== DATA BELOW ==
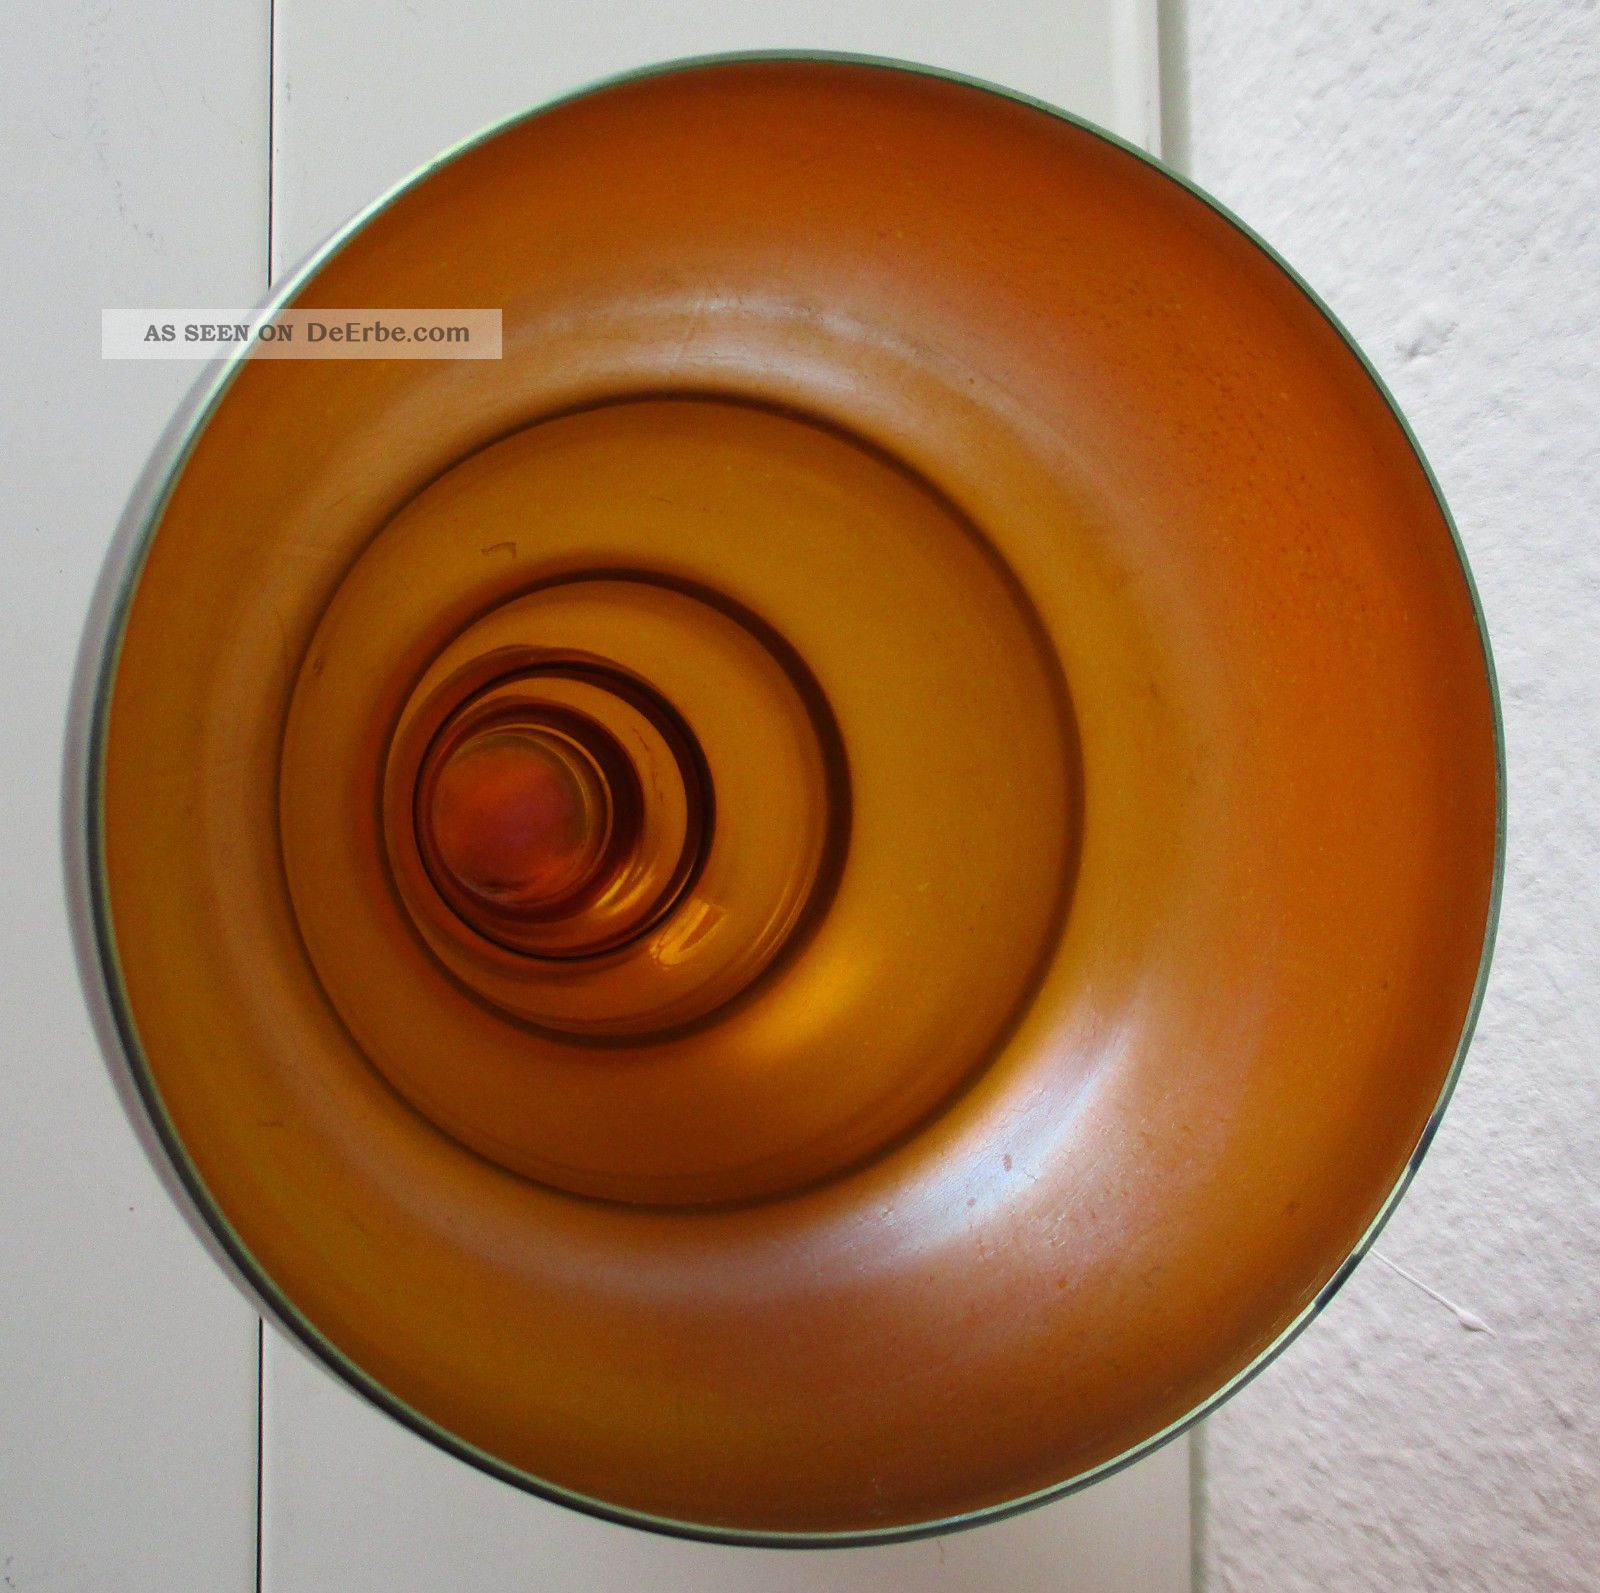 Seltene Gro 223 E Wmf Myra Vase Art Deco Bauhaus Signiert
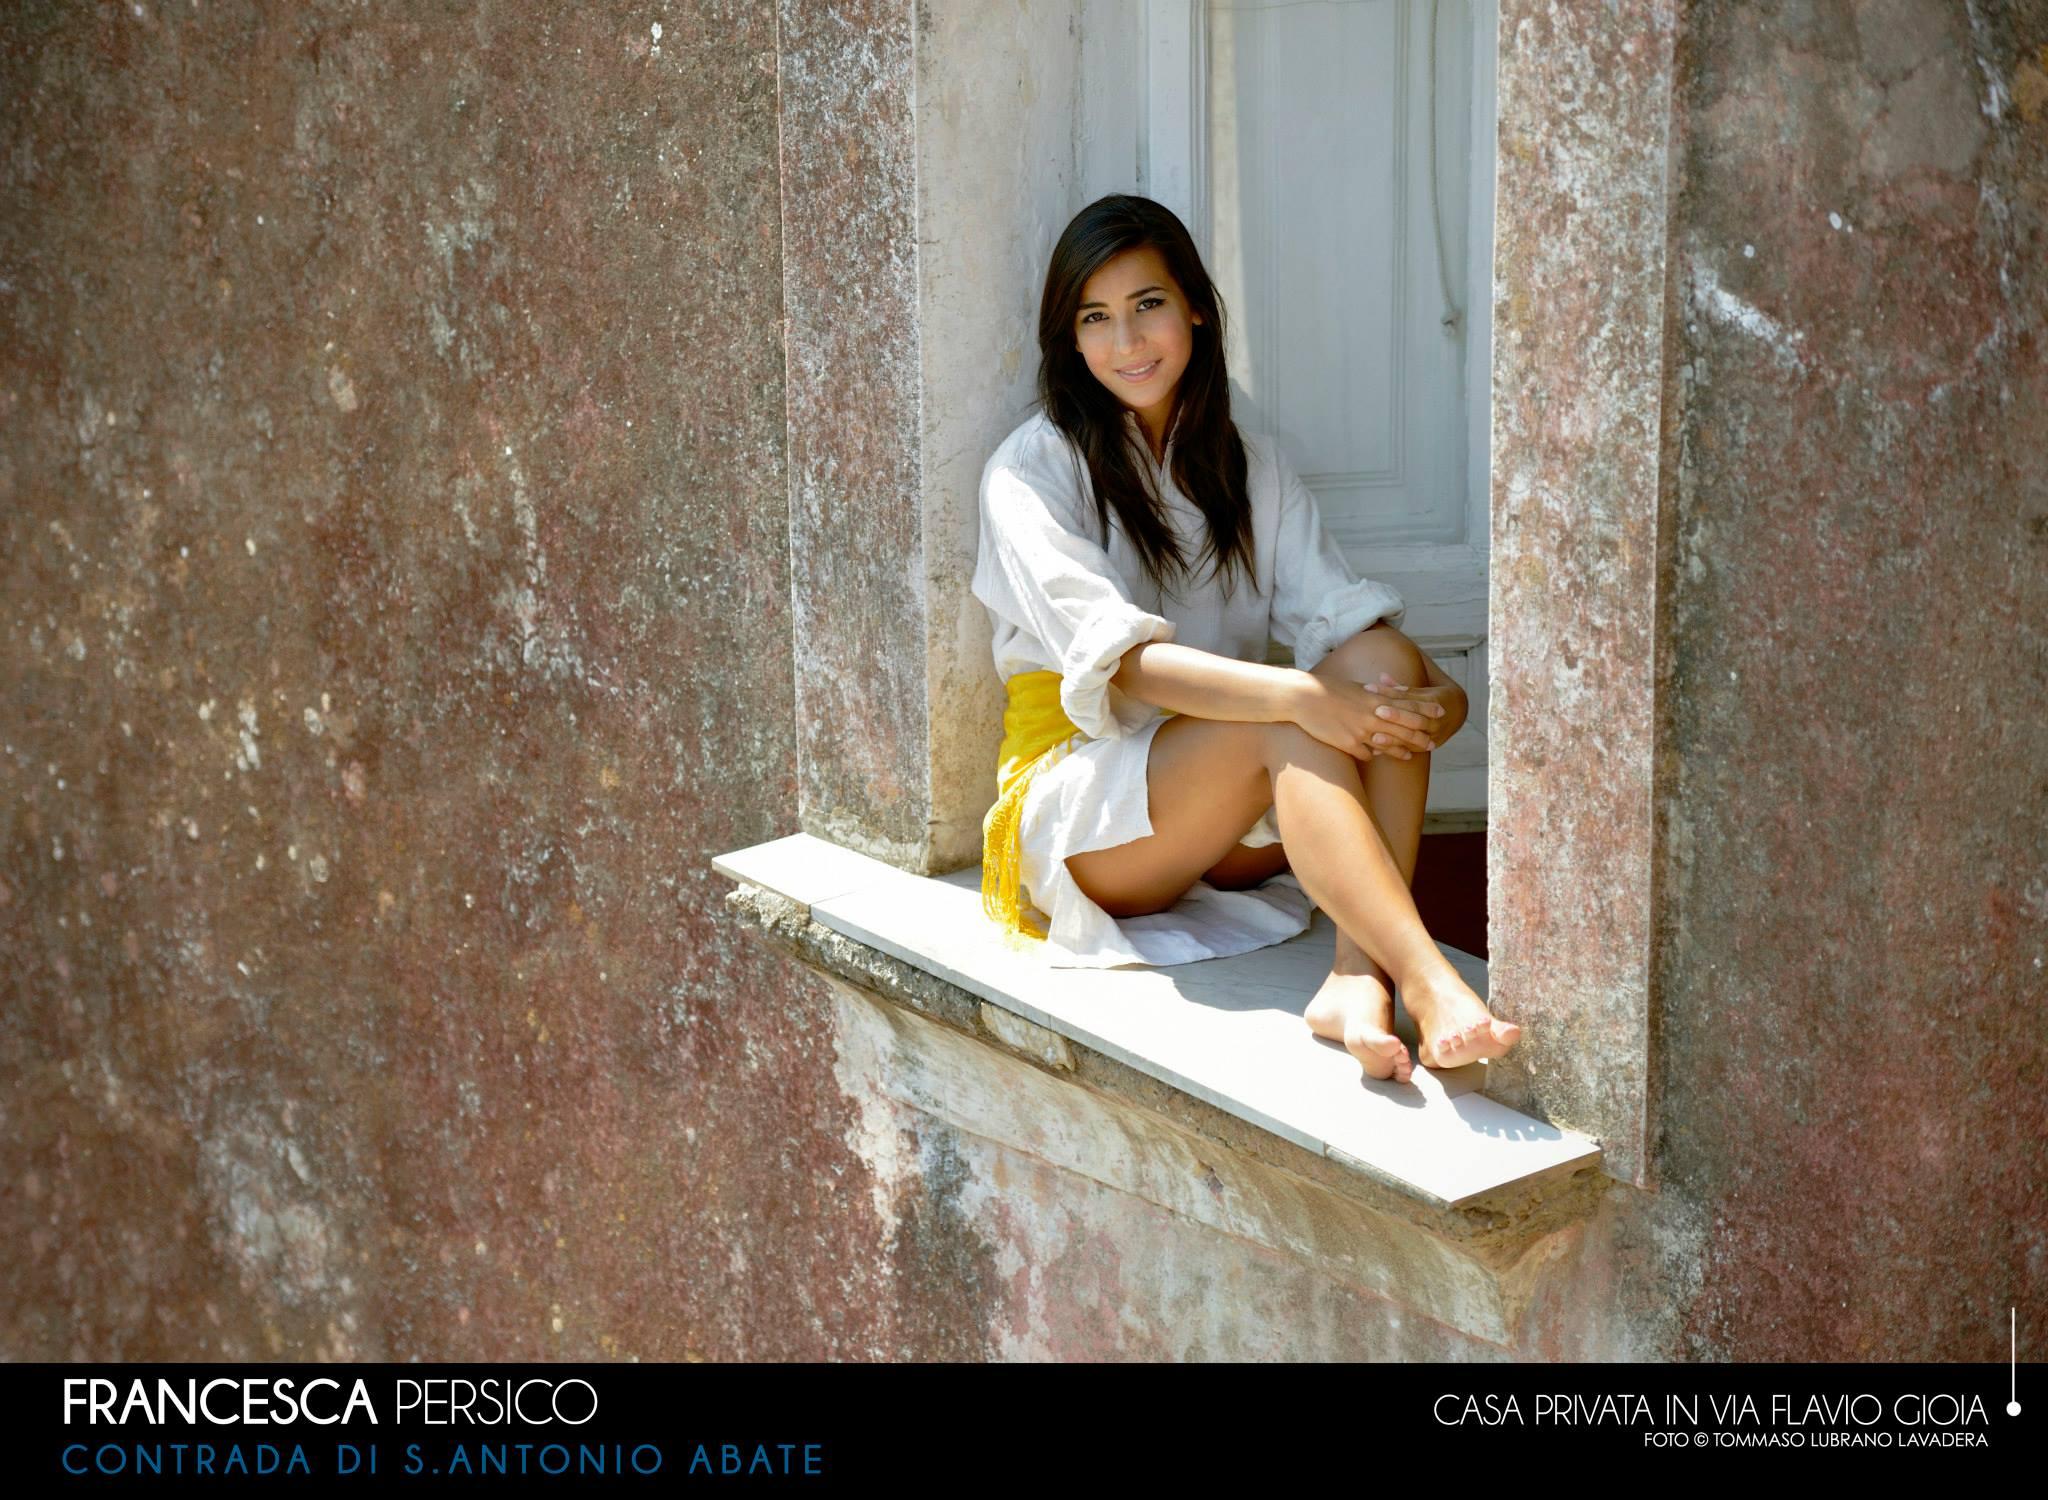 Francesca Persico
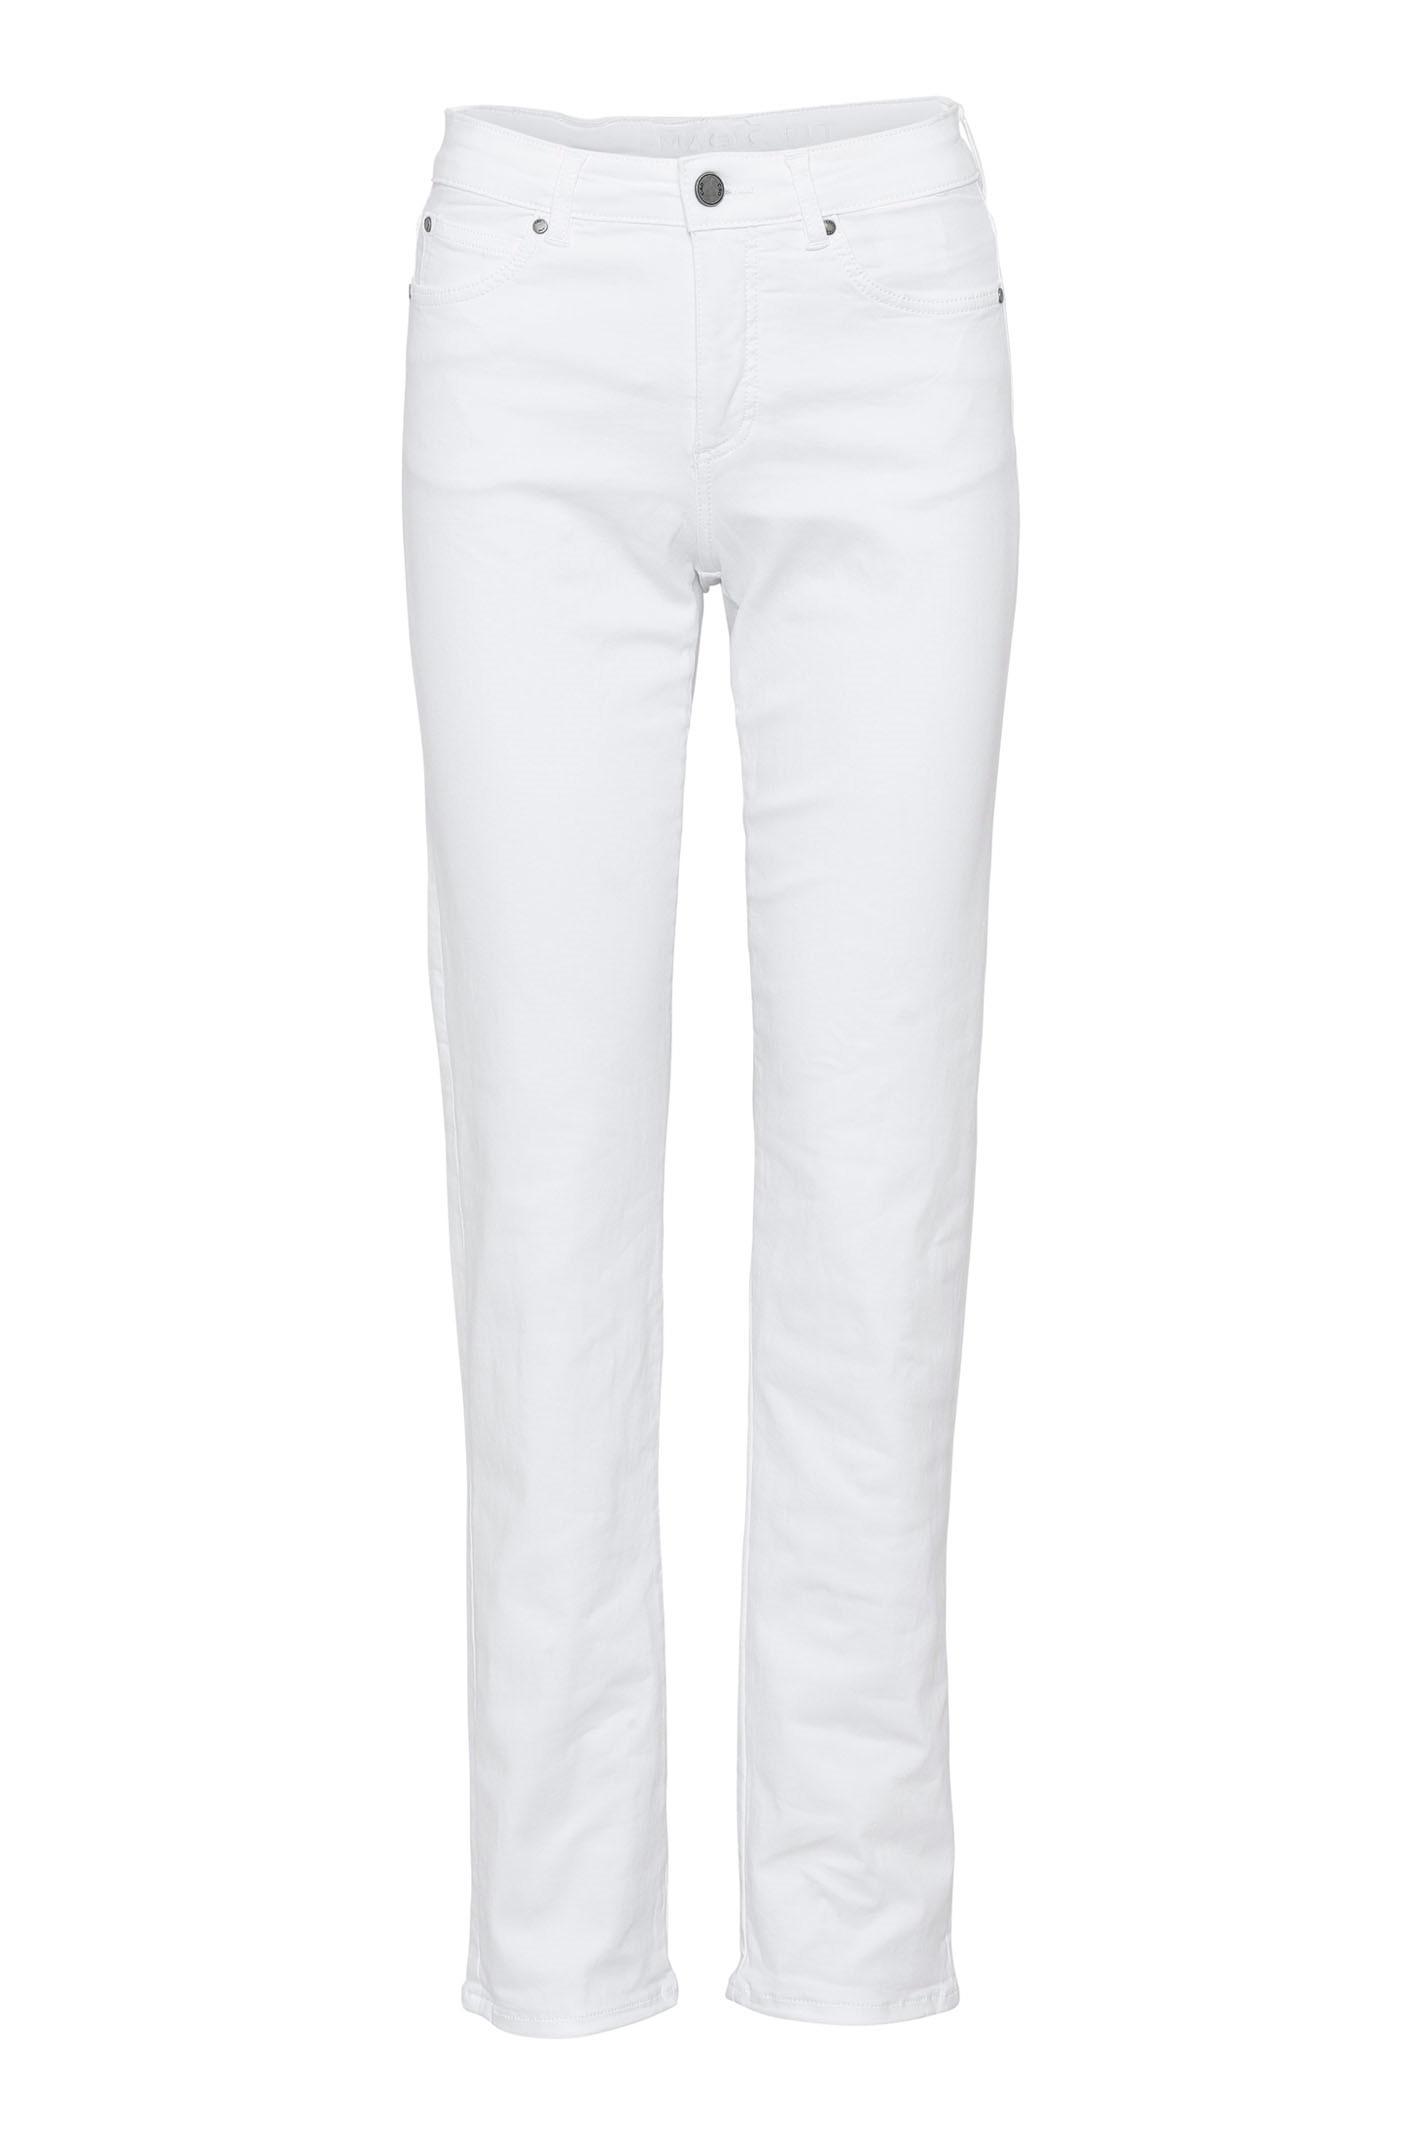 Cro tøj Shop Cro bukser online hos Bustedwoman Gratis

== TASK GOAL ==
Give back the whole listing exactly as it stands. No pictures belong in the copy.

== SOLVED EXERCISE ==
 Seltene Gro 223 E Wmf Myra Vase Art Deco Bauhaus Signiert
 Francesca Persico
 Cro tøj Shop Cro bukser online hos Bustedwoman Gratis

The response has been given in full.